» **REQUIRED WORK**:
Please reproduce the data exactly, though every picture must stay out.
**** INPUT DATA
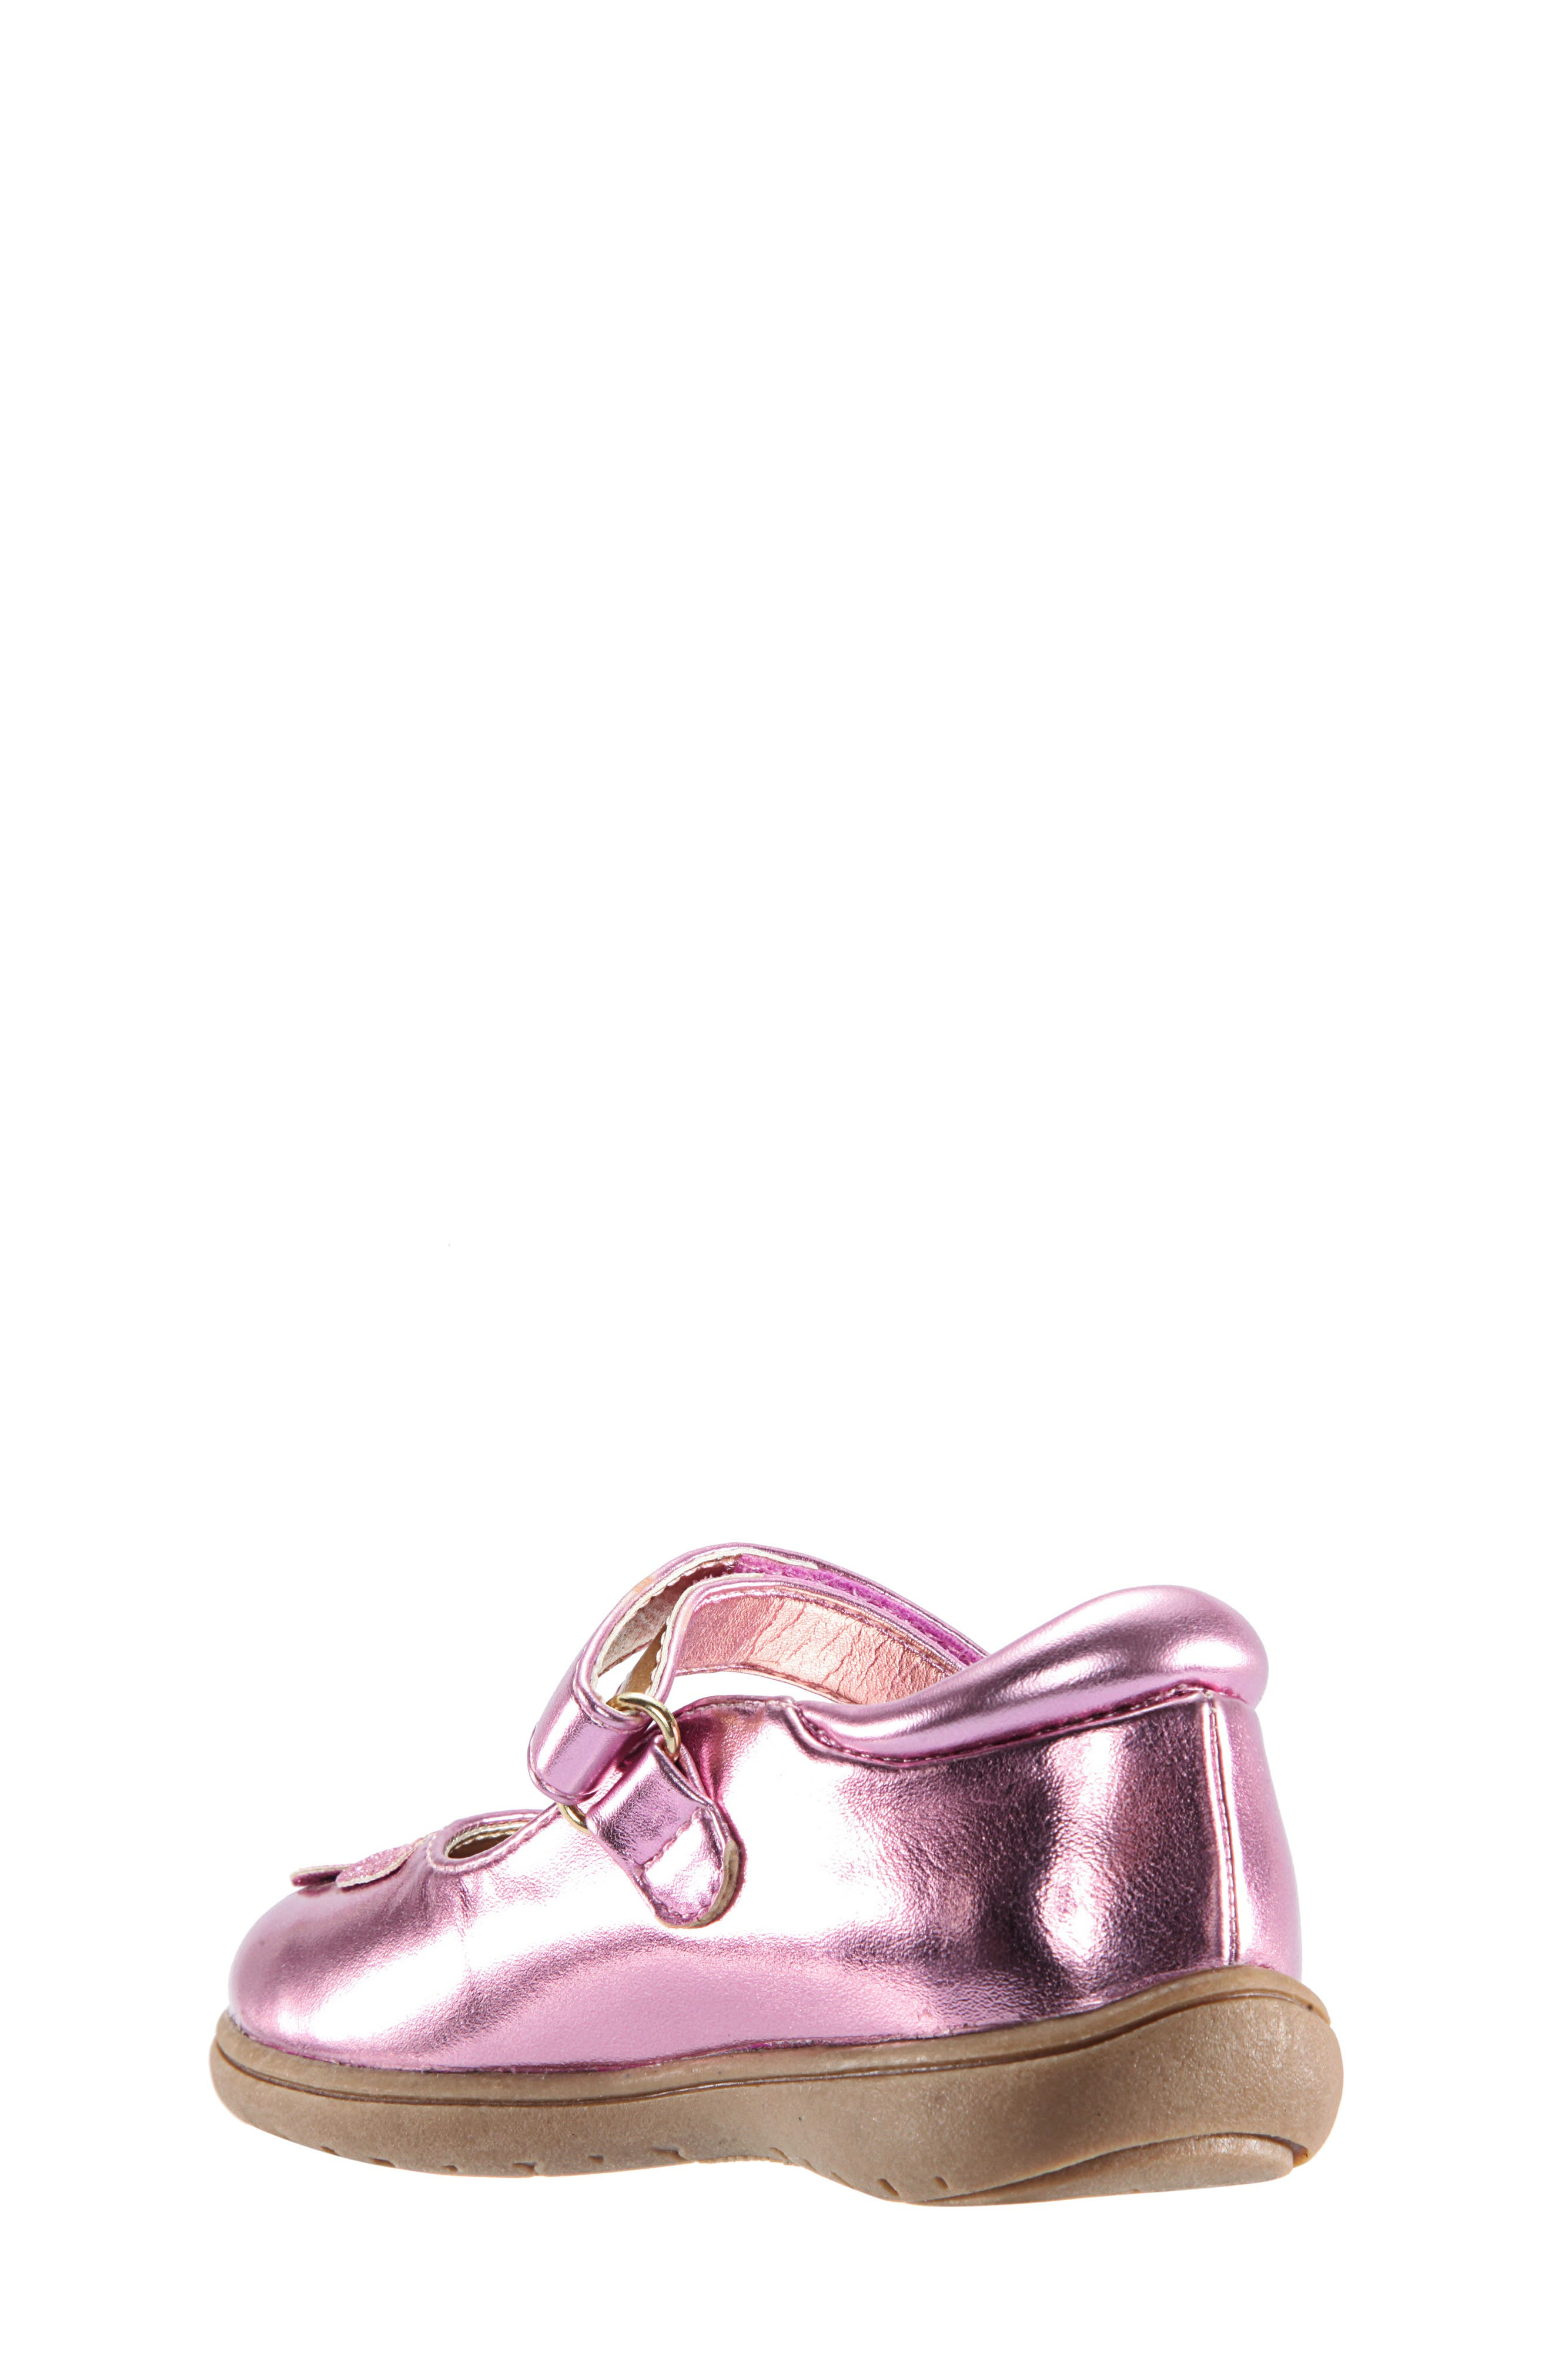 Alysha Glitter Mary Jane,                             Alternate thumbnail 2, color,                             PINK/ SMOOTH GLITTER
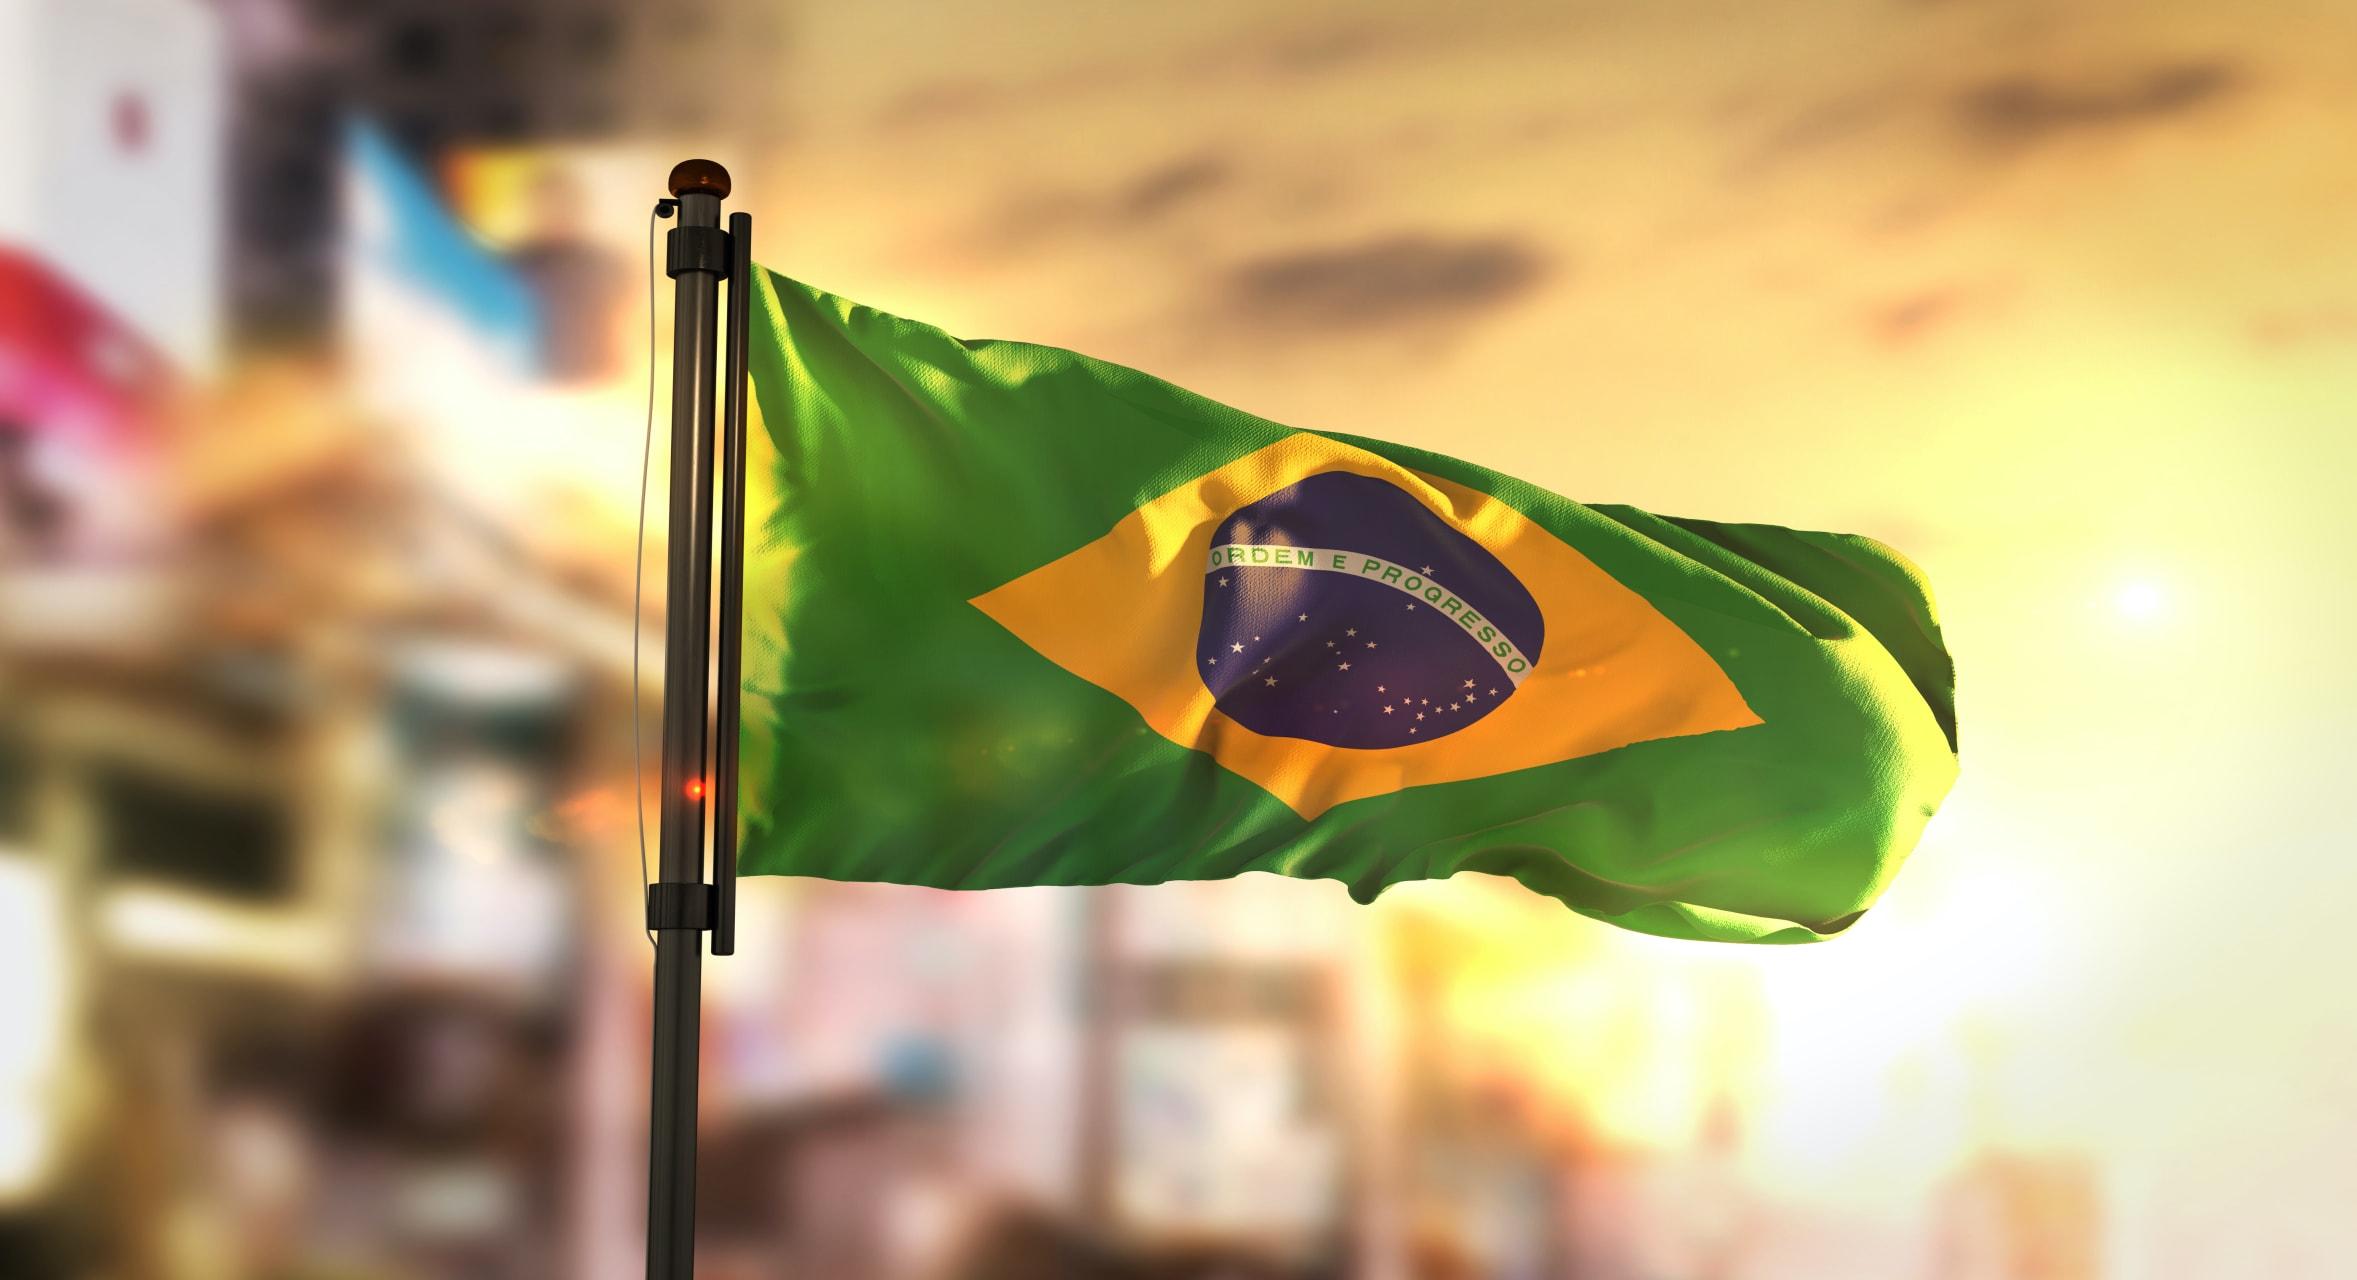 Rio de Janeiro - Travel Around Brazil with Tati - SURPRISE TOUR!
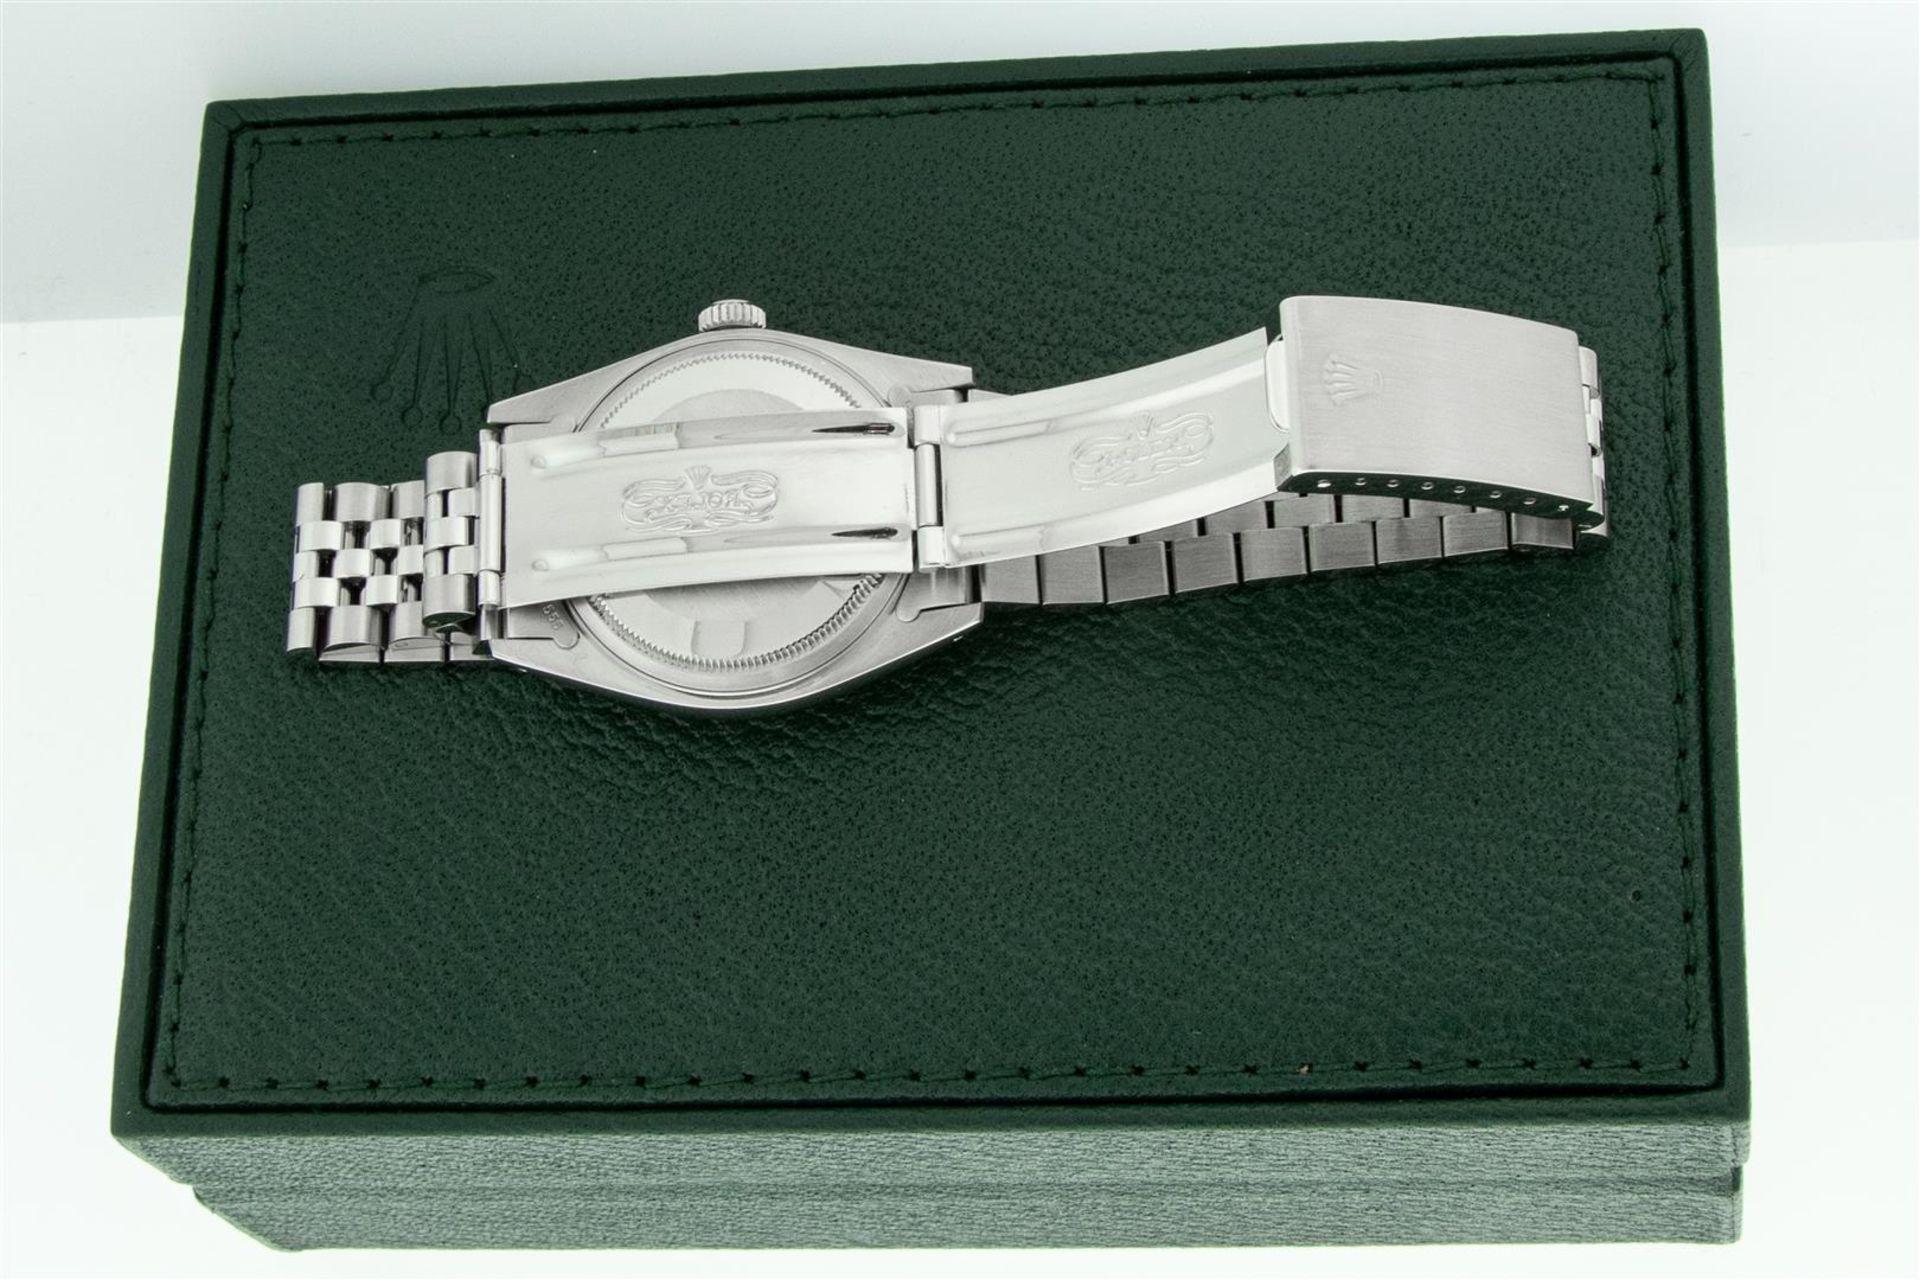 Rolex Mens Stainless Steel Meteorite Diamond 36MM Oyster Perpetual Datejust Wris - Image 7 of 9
********
» **RESULT**:
 Alysha Glitter Mary Jane,                             Alternate thumbnail 2, color,                             PINK/ SMOOTH GLITTER
 Rio de Janeiro - Travel Around Brazil with Tati - SURPRISE TOUR!
 Rolex Mens Stainless Steel Meteorite Diamond 36MM Oyster Perpetual Datejust Wris - Image 7 of 9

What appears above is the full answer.